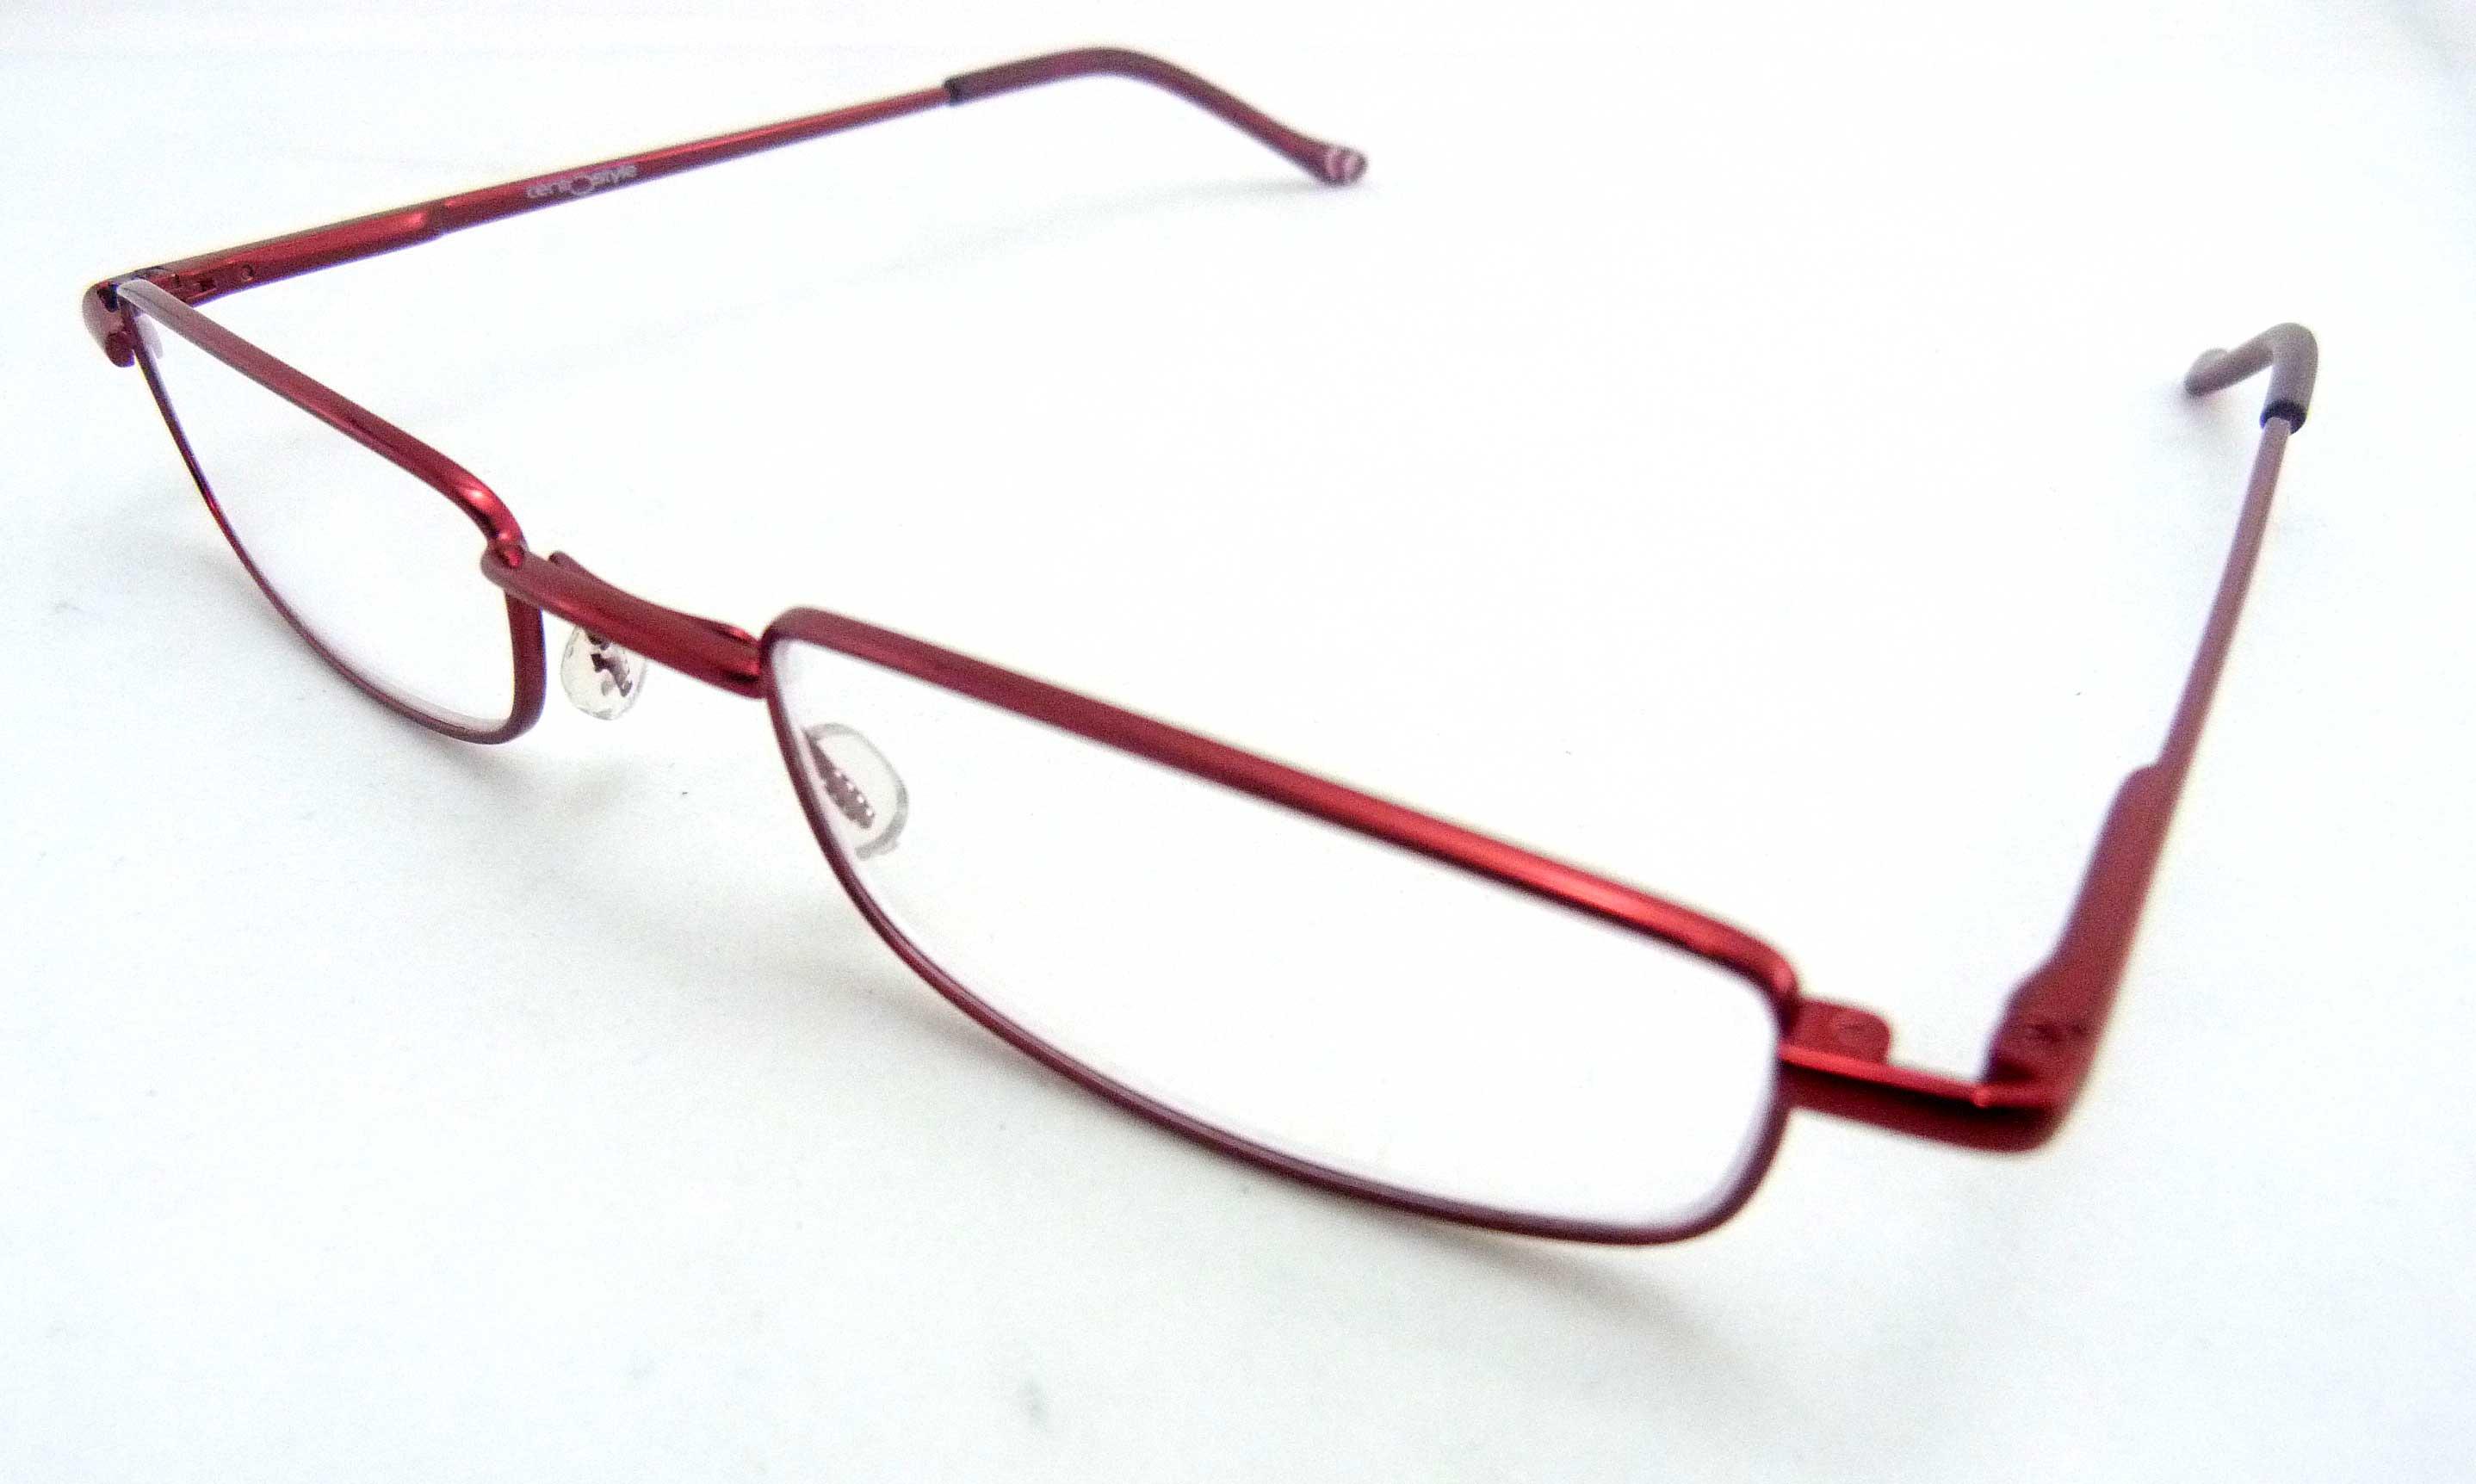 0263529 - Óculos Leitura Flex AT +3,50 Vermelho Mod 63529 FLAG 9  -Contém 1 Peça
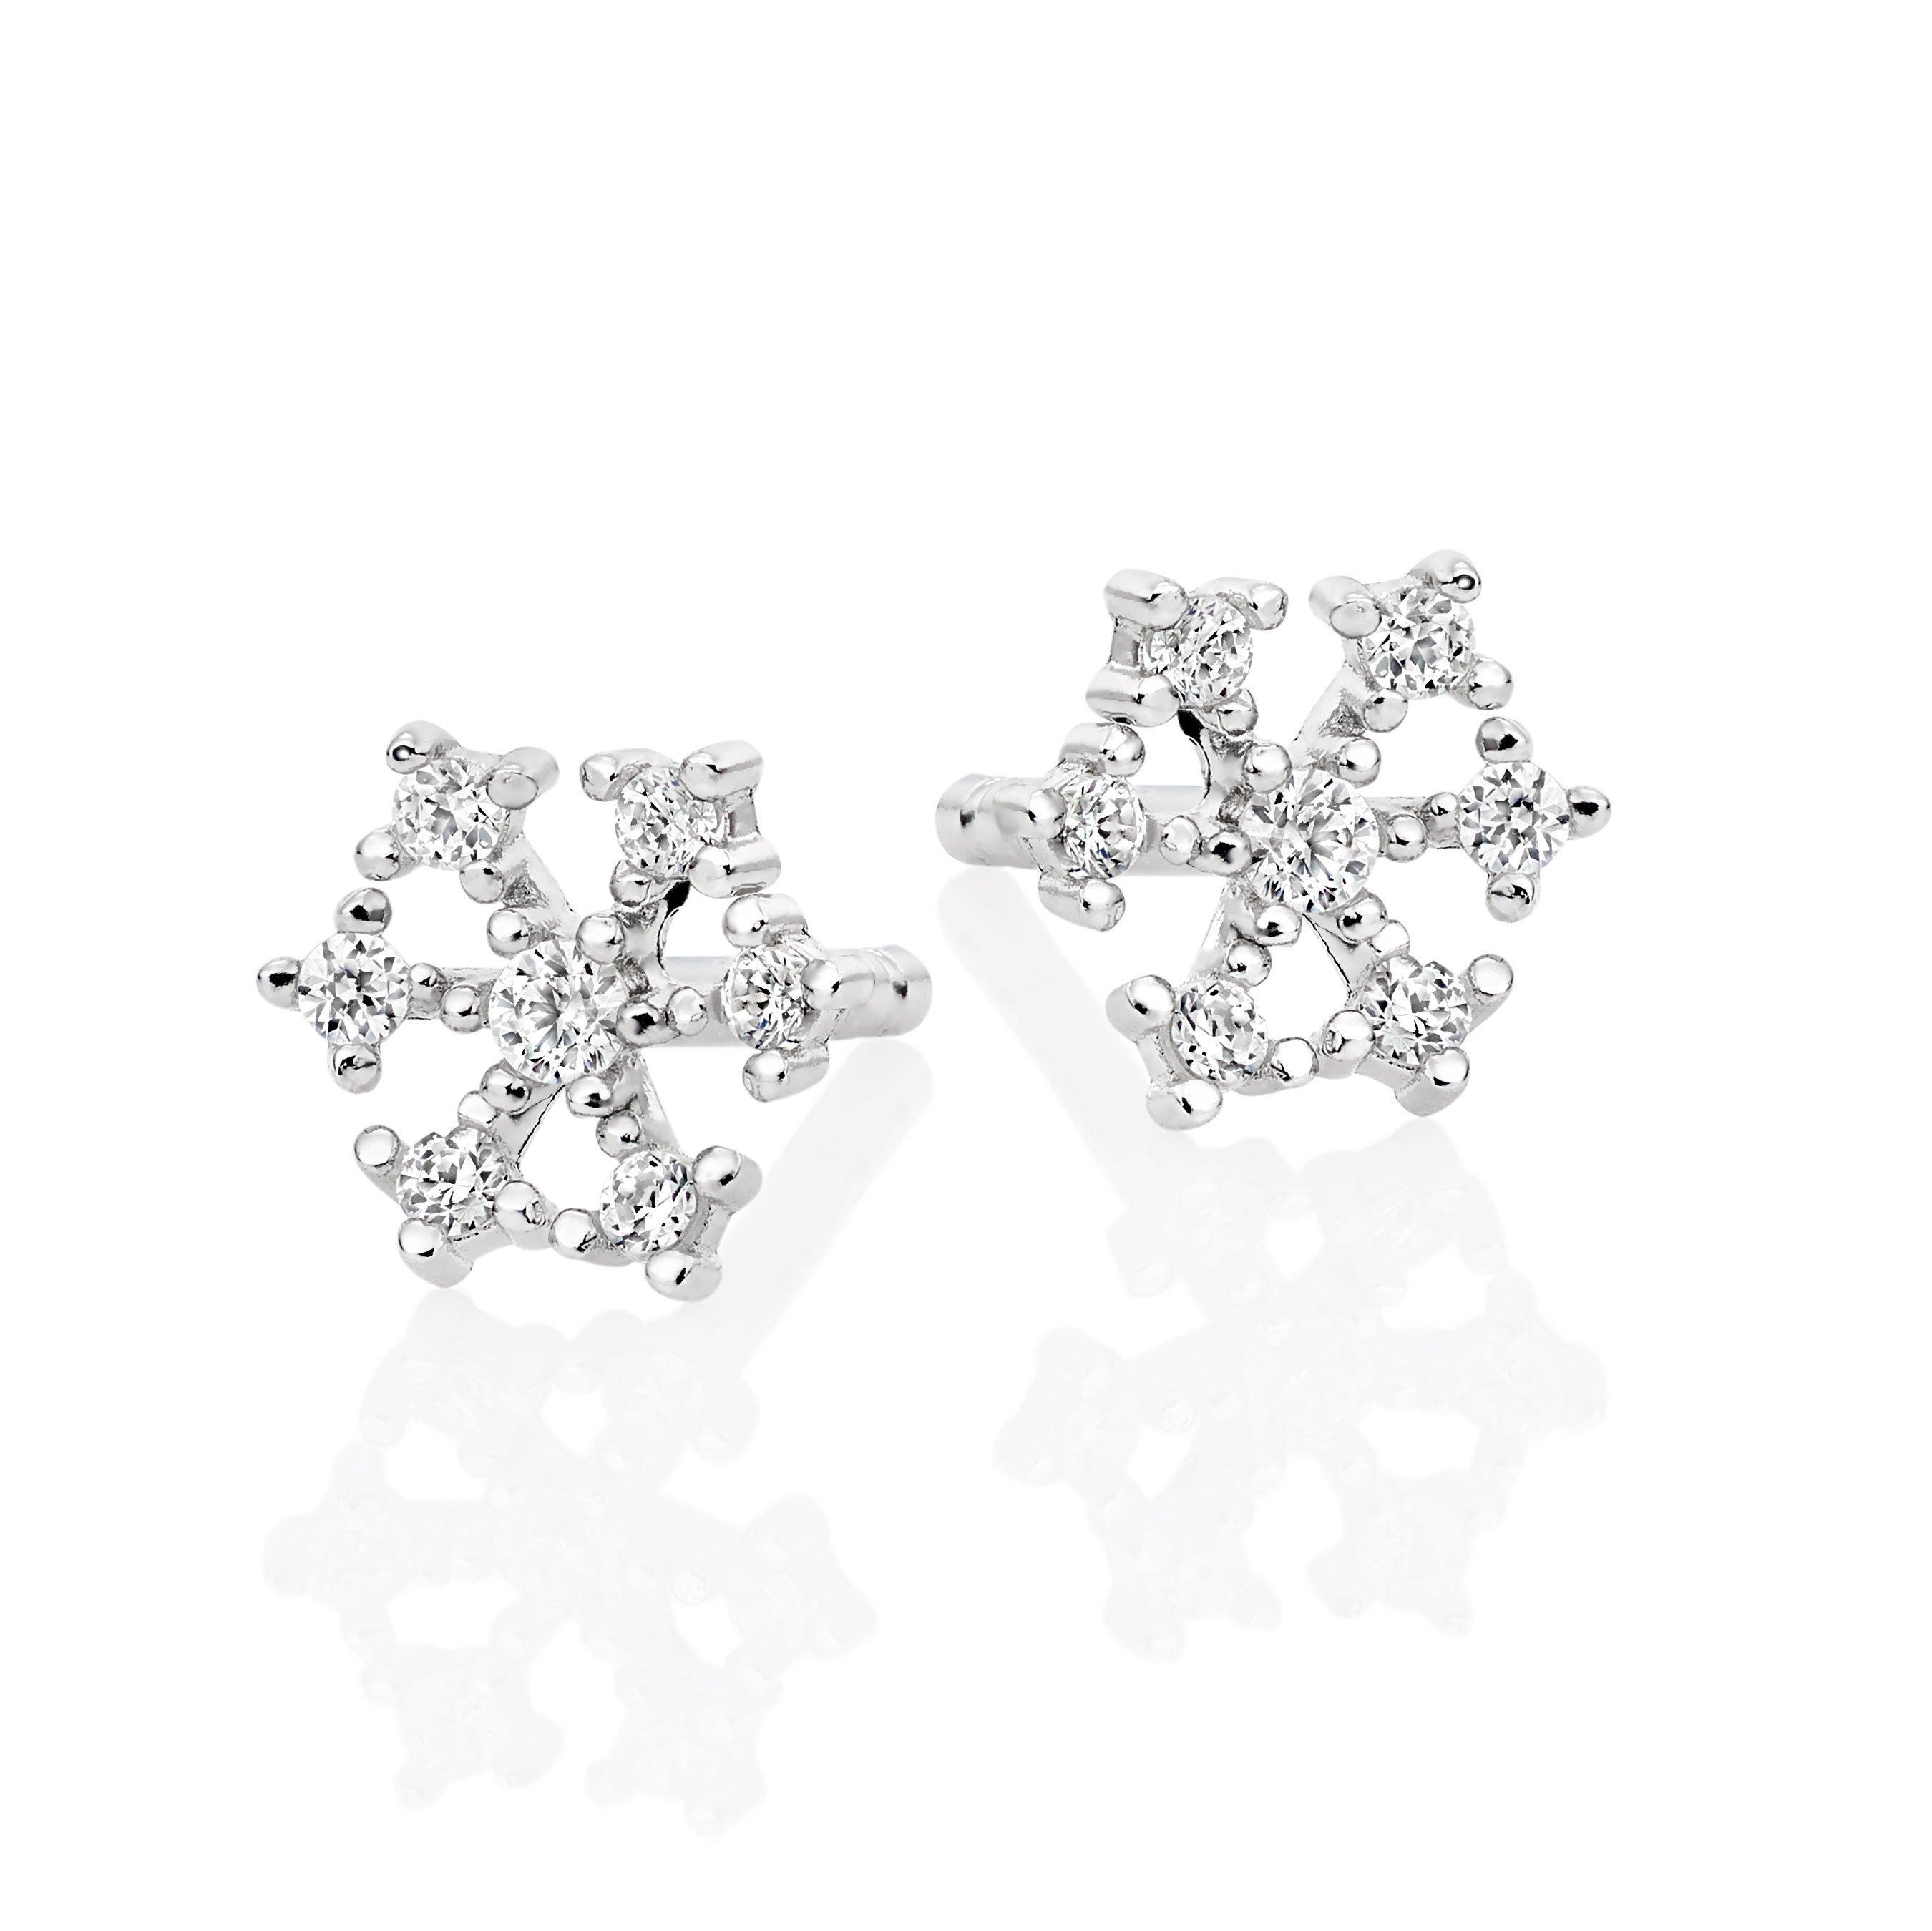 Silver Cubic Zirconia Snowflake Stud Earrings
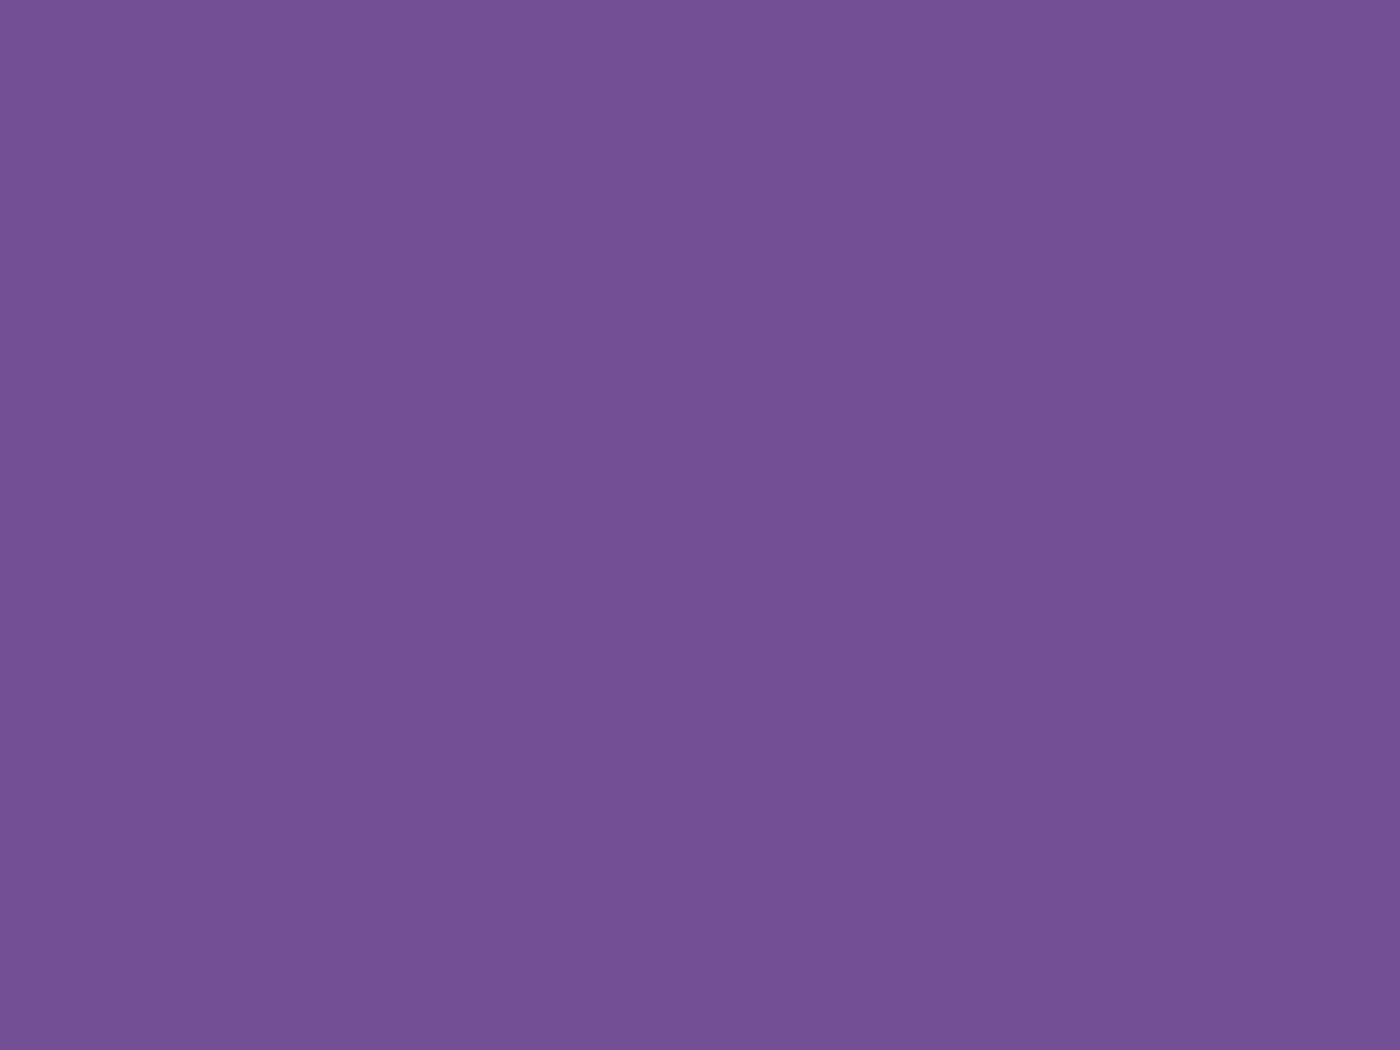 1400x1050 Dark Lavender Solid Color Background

HOW TO COMPLETE THIS TASK: The material above should be returned exactly, without pictures.

TASK OUTPUT:
 0263529 - Óculos Leitura Flex AT +3,50 Vermelho Mod 63529 FLAG 9  -Contém 1 Peça
 Silver Cubic Zirconia Snowflake Stud Earrings
 1400x1050 Dark Lavender Solid Color Background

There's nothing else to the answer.